Work required => Go through the listing below and output exactly the line with "DT118R: GPU Panic - Just Go (Xinobi Remix)", the line with "Вибратор - Miyo", and each line between; omit the rest.

Given entries =>

········

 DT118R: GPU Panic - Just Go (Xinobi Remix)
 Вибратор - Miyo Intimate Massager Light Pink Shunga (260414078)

········

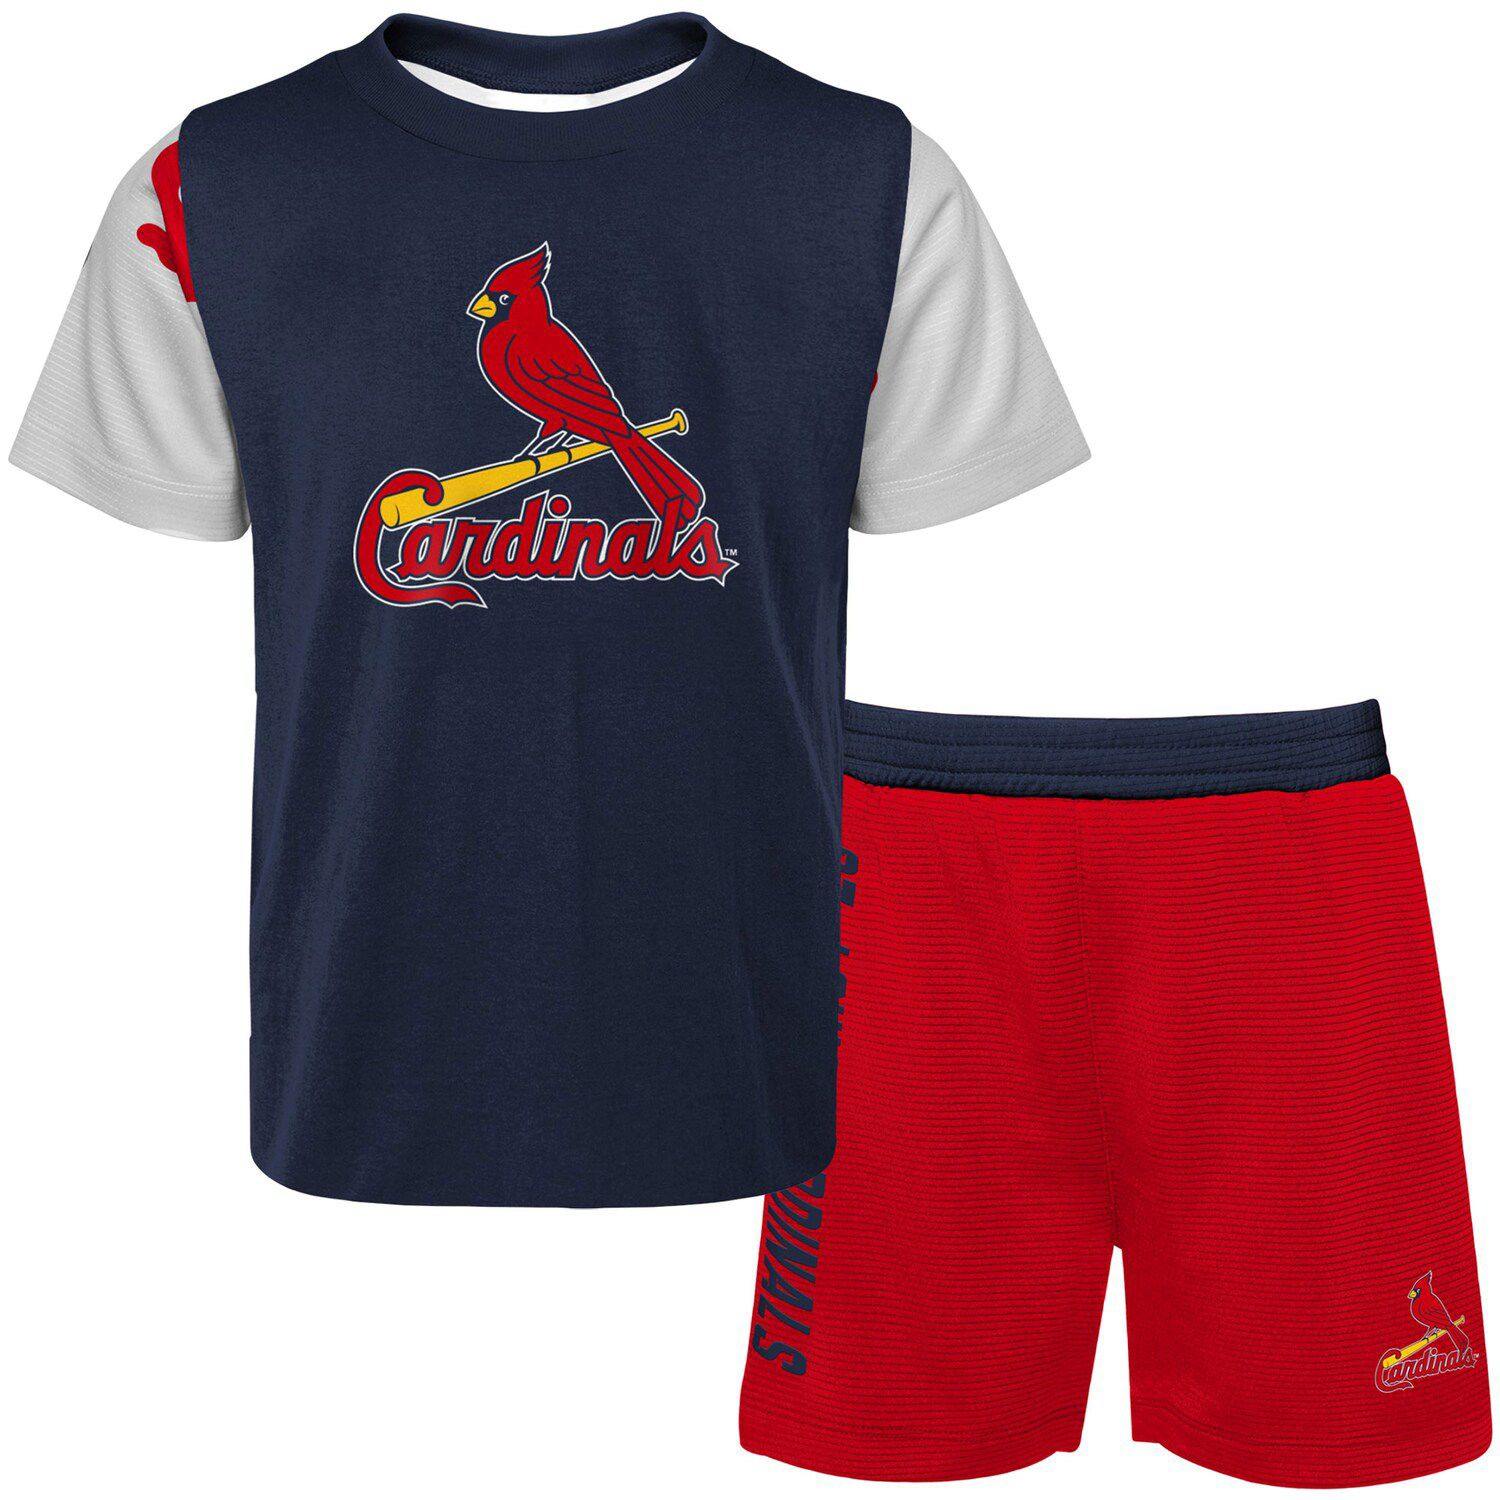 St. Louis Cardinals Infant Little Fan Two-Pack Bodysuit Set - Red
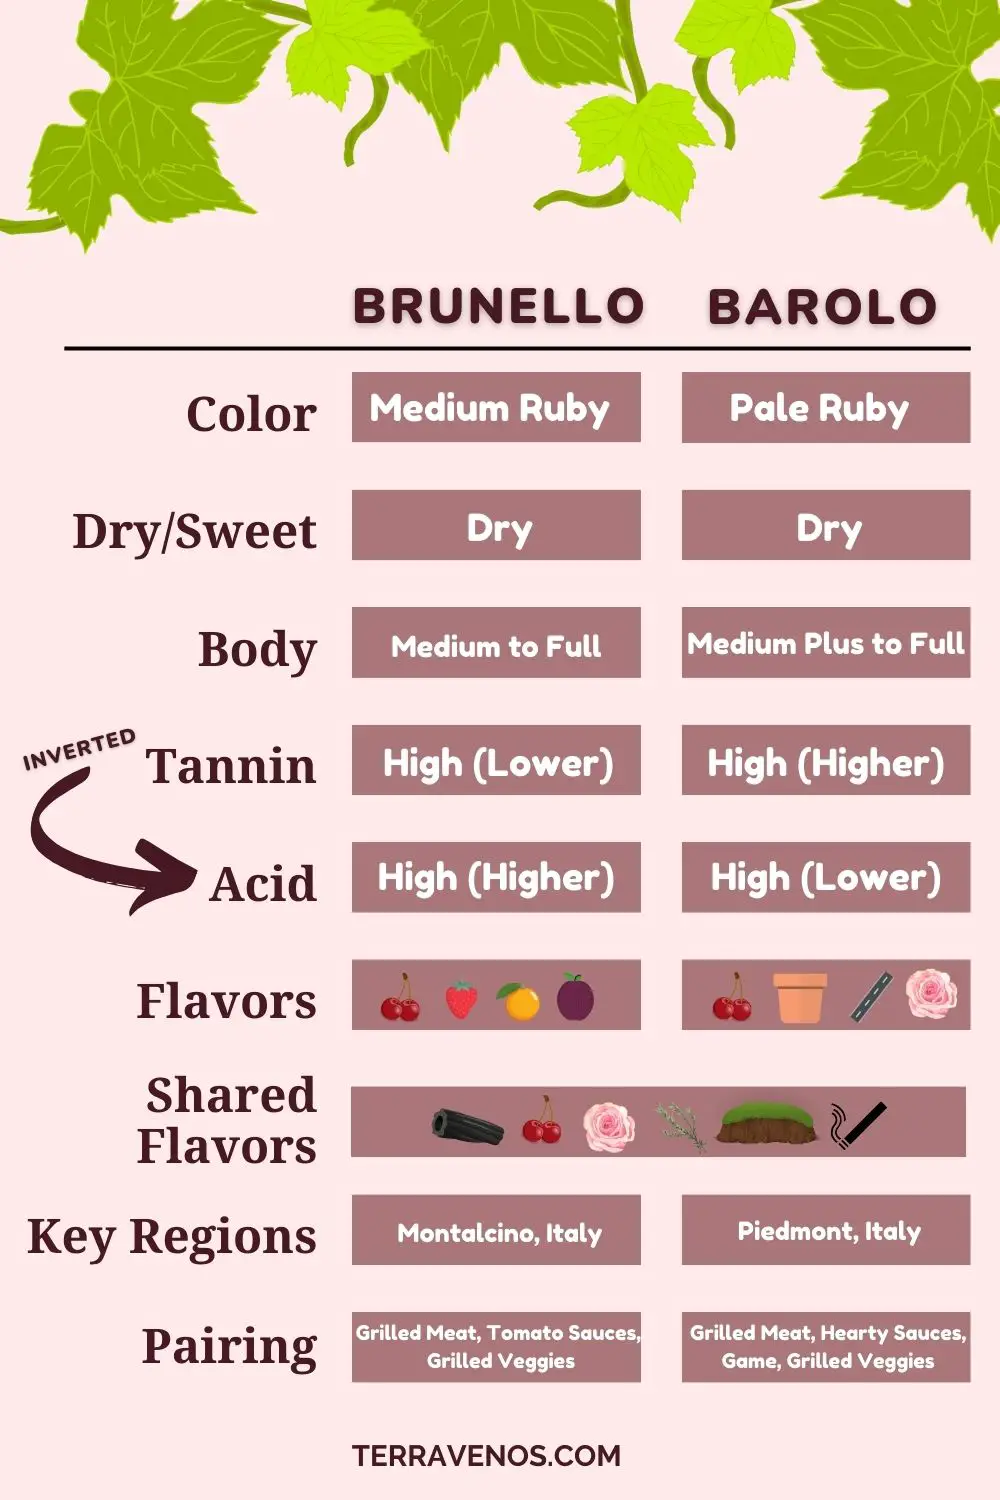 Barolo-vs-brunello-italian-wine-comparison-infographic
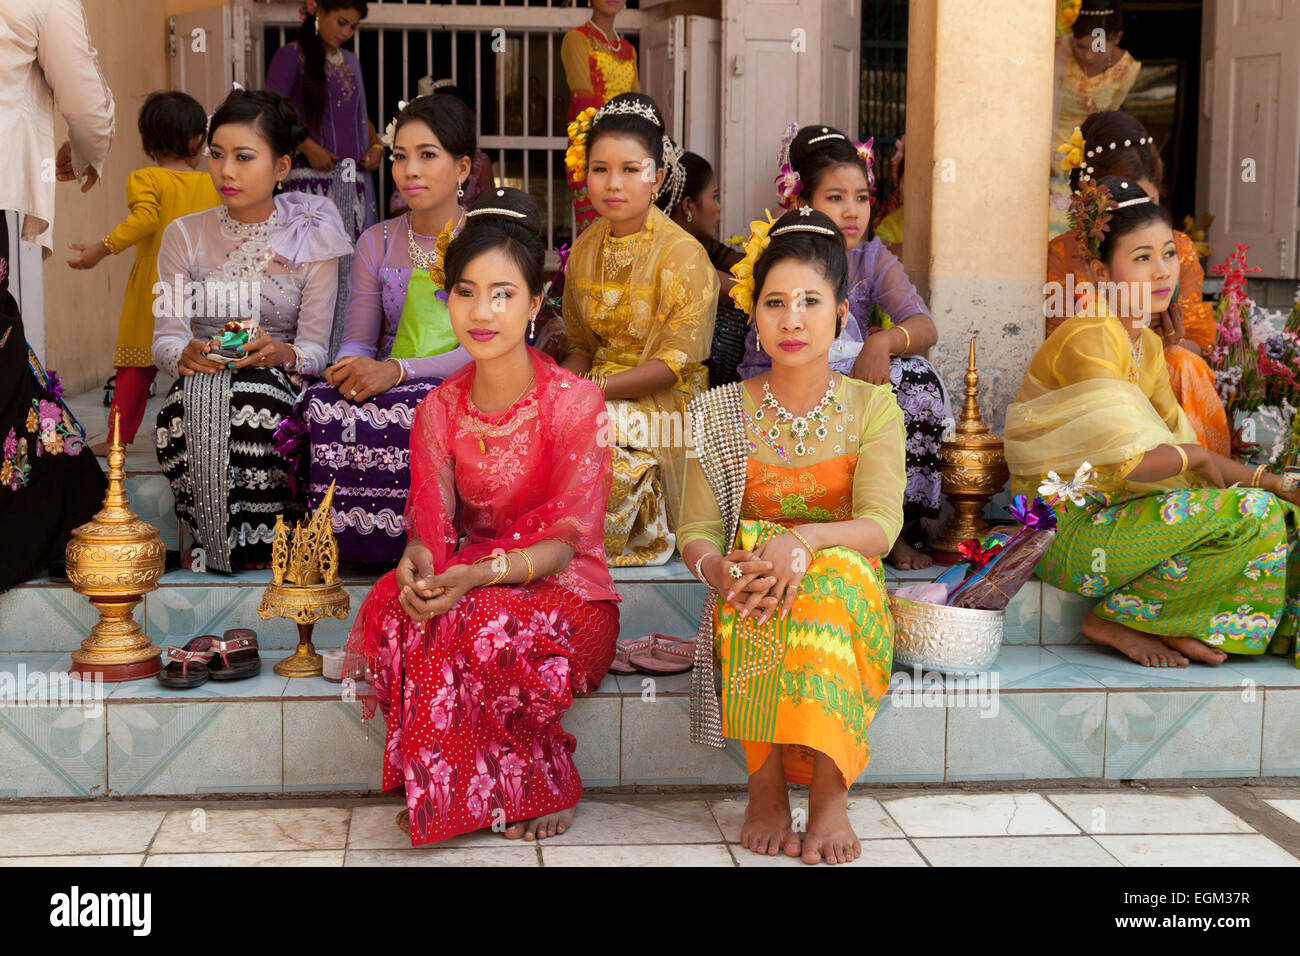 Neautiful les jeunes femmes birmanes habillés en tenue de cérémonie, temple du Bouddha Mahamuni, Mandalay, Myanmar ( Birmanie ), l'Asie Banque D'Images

········

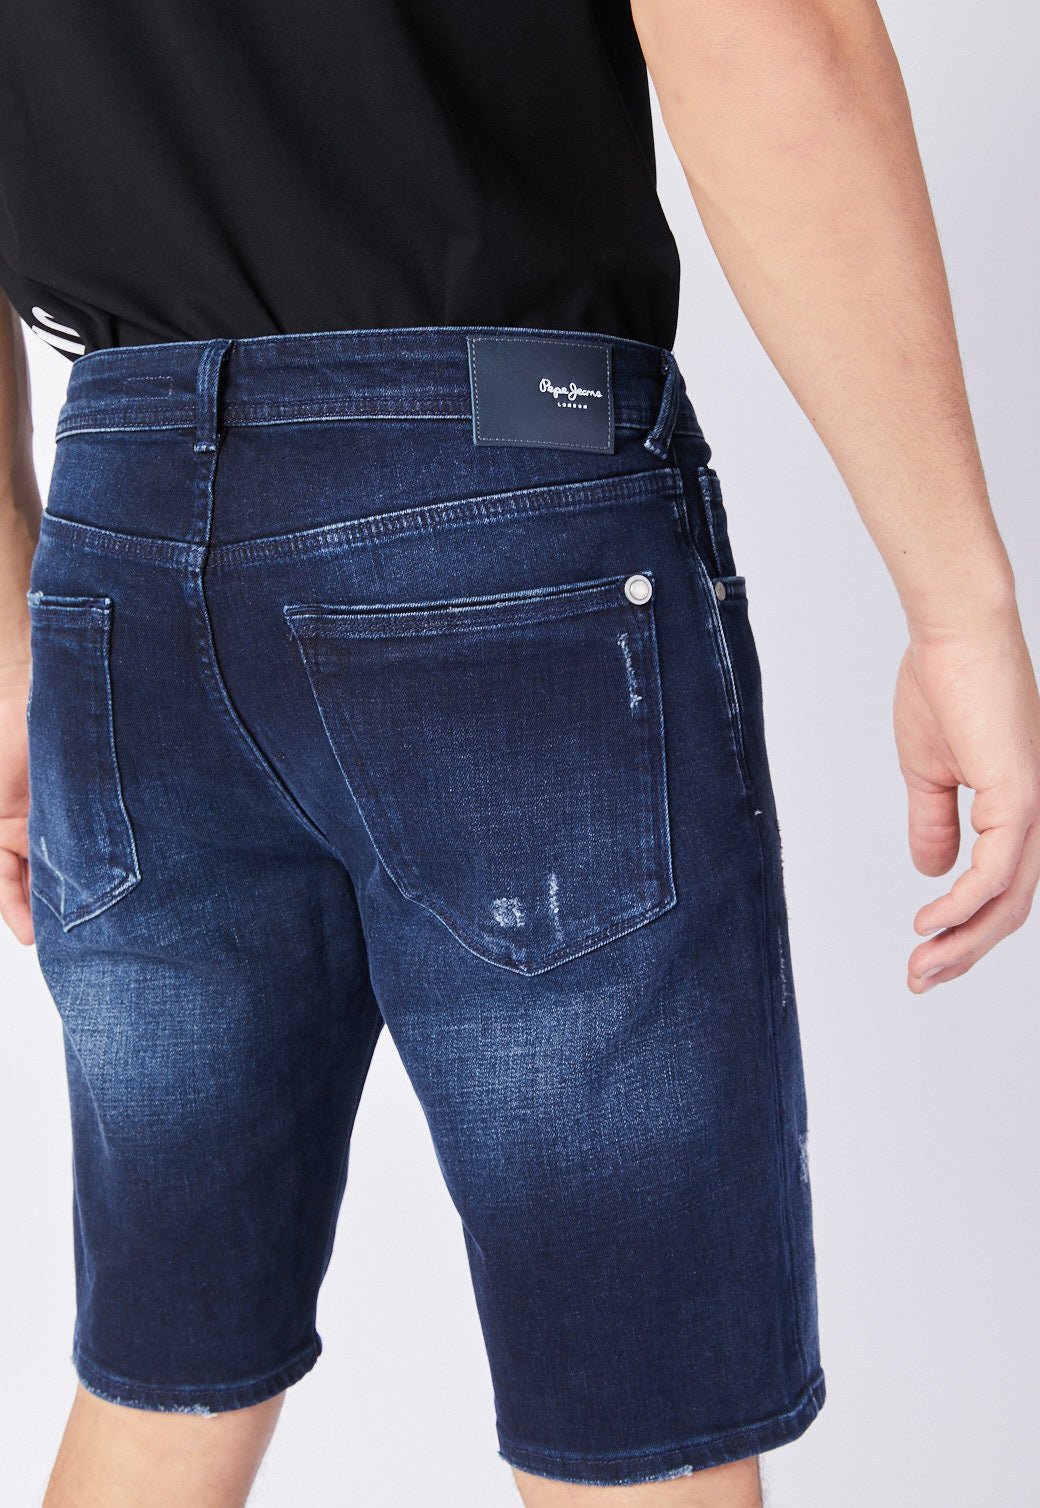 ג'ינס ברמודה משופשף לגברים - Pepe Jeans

········

Response to the exercise =>
 DT118R: GPU Panic - Just Go (Xinobi Remix)
 Вибратор - Miyo Intimate Massager Light Pink Shunga (260414078)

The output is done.